8

The SDE for the Brownian bridge is the following:

$$dX_t = \dfrac{b-X_t}{1-t} \, dt+dB_t$$

with the solution

$$X_t = a(1-t)+bt+(1-t)\int_{0}^t \dfrac{dB_s}{1-s}.$$

The expectation and covariance are:

$$\mathbb{E}(X_t) = a+(b-a)t$$

$$\operatorname{Cov}(X_s,X_t) = \min(s,t)-st$$

Now I want to have a look at what happens as $t\rightarrow 1$.

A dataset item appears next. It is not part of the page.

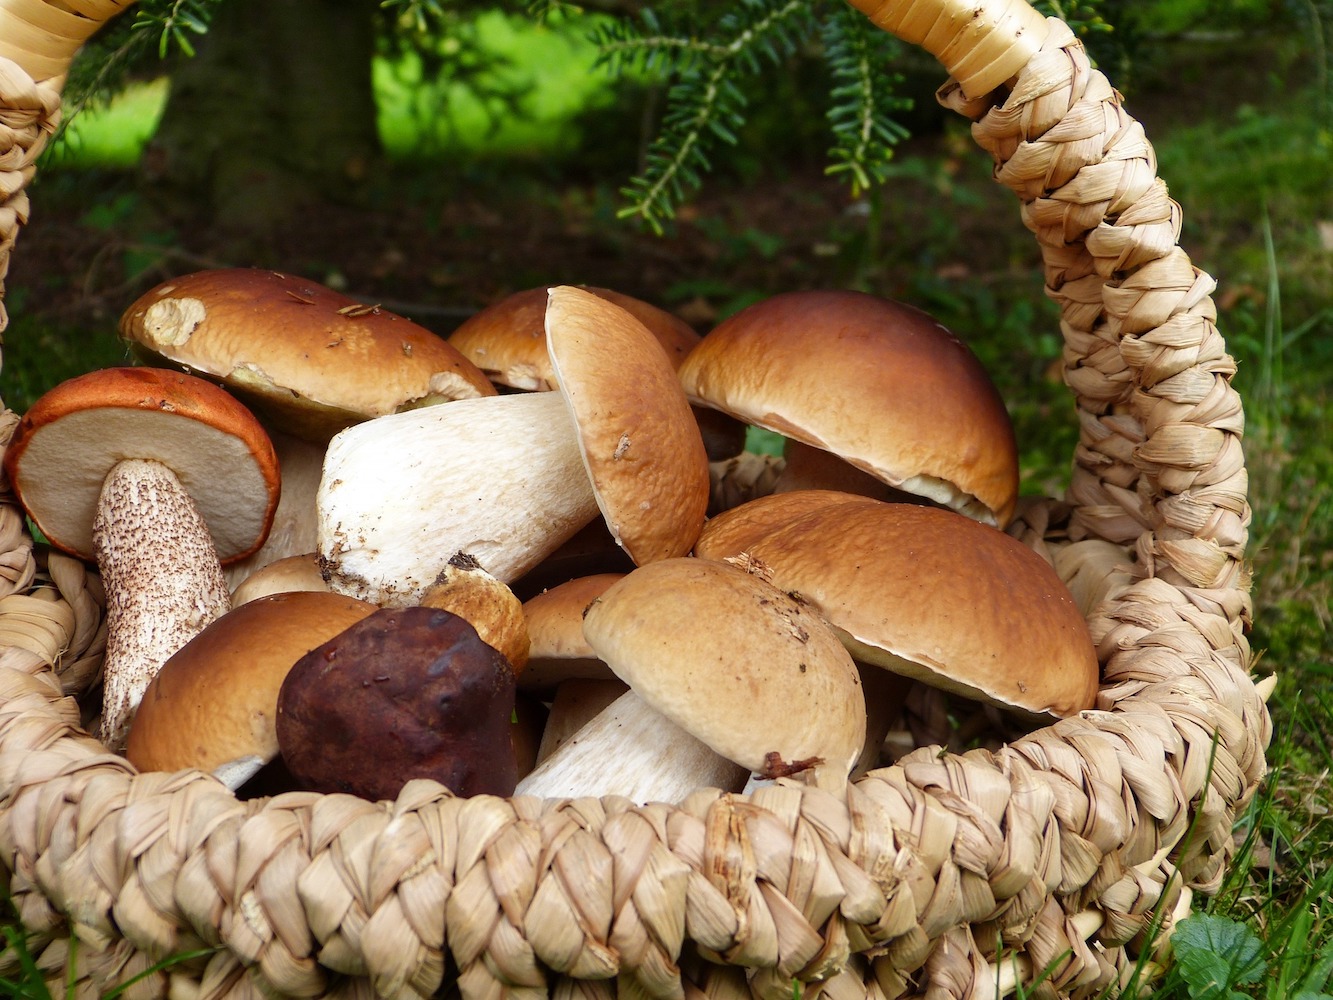 gathering fresh mushrooms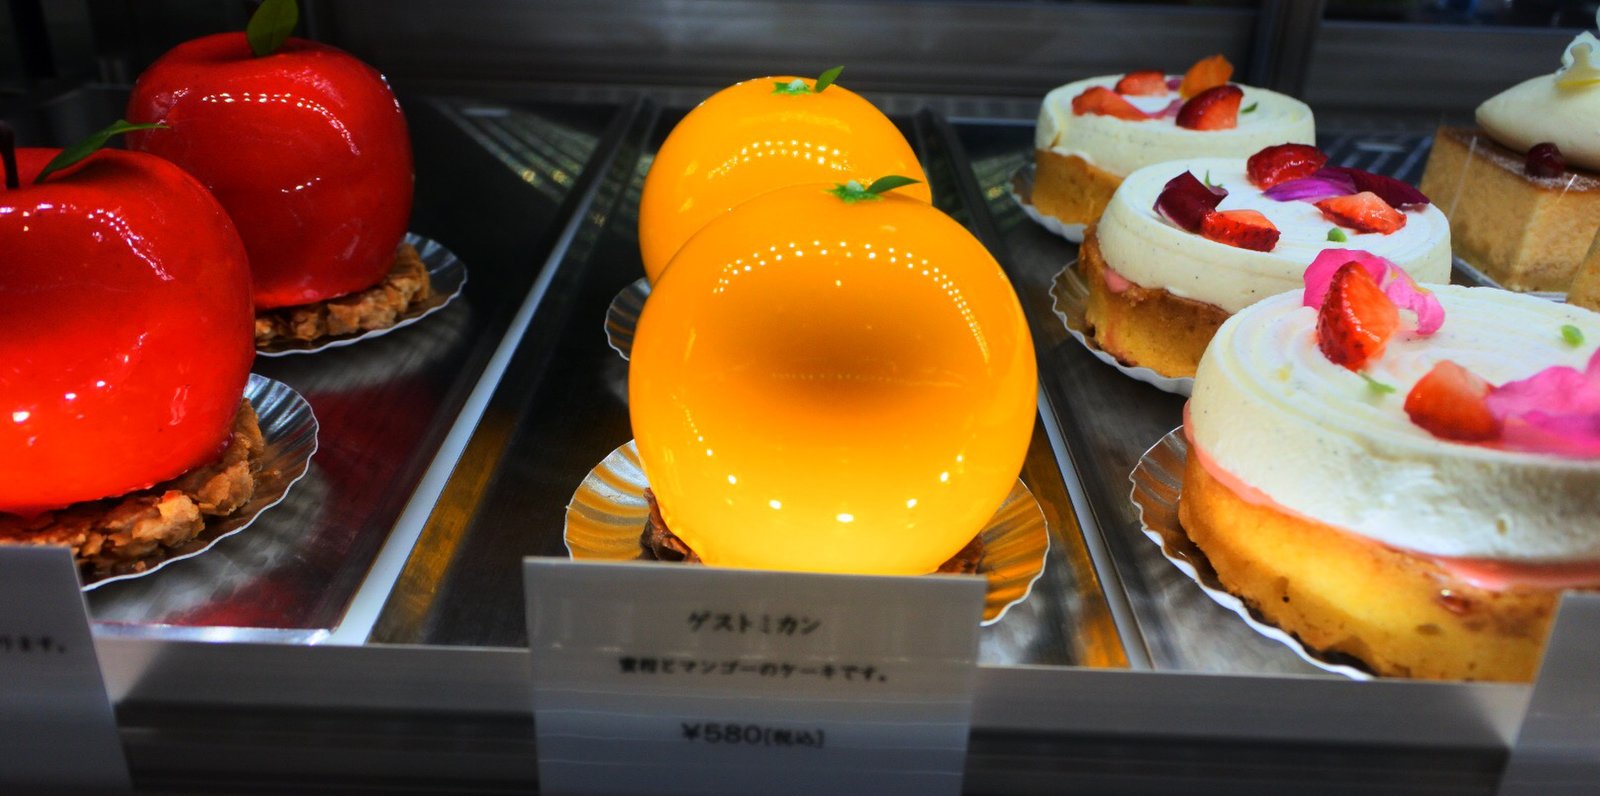 京橋 カフェ 新鮮すぎるスイーツ店 オーダーしてから作られる生しぼりモンブランと芸術的なケーキ Playlife プレイライフ

For the expectation and covariance I get

$$\mathbb{E}(X_1) = b,$$

$$\operatorname{Cov}(X_s,X_1) = \min(s,1)-s$$

But I'm having trouble to see what happens with $X_t$. The first two summands clearly go to b, and the last summand should go to 0 as Brownian bridge expression for a Brownian motion suggests. The prove in the last comment using Doob's maximal inequality and Borel-Cantelli is quite short and I don't understand, what's exactly happening there, especially not, where the last equation comes from. Would be great if someone could explain it more exact how I get $$\lim_{t \rightarrow 1} (1-t)\int_0^t \frac{dB_s}{1-s} = 0 \text{ a.s.} $$

Thanks in advance!

Max93
  • 759
  • 2
    A first approach is to compute the second moment, since $$\mathrm{var}(X_t)=(1-t)^2\int_0^t\frac{ds}{(1-s)^2}=t(1-t),$$ one sees that $X_t\to1$ in $L^2$ when $t\to1$. – Did Jul 22 '15 at 10:07
  • Thank you! The second moment is $\mathbb{E}(X_t^2) = [a(1-t)+bt]^2 + t (1-t)$, as calculated here:http://math.stackexchange.com/questions/408620/brownian-bridge?rq=1, but I don't see how the estimate in http://math.stackexchange.com/questions/115727/brownian-bridge-expression-for-a-brownian-motion?rq=1 follows from that...how can I continue? – Max93 Jul 22 '15 at 10:24
  • The process is "bridge" between $a$ and $b$, hence $X_1=b$ so is $X_0=a$. – Math-fun Jul 22 '15 at 10:52
  • @Did $EX_1=b$ with variance vanishing at $1$ we obtain $X_1 \to b$. – Math-fun Jul 22 '15 at 10:55
  • @Math-fun Yeah, actually, the correct statement this yields is that $X_t\to b$ in $L^2$ when $t\to1$. – Did Jul 22 '15 at 11:38
  • @Susan In general, $\displaystyle E\left(\left(\int_0^tu(s)dB_s\right)^2\right)=E\left(\int_0^tu(s)^2ds\right),$ this is often called Itô's isometry. – Did Jul 22 '15 at 11:40

1 Answers1

5

We prove a.s. convergence to zero.

First notice that $\int_0^t f(s) dB_s$ has the same distribution as $B_{\int_0^t f(s)^2ds}$. This equality of distributions is true as processes in $t$ (not just for a single value of $t$). The way to prove this is to note that both are Gaussian processes with the same covariance kernel.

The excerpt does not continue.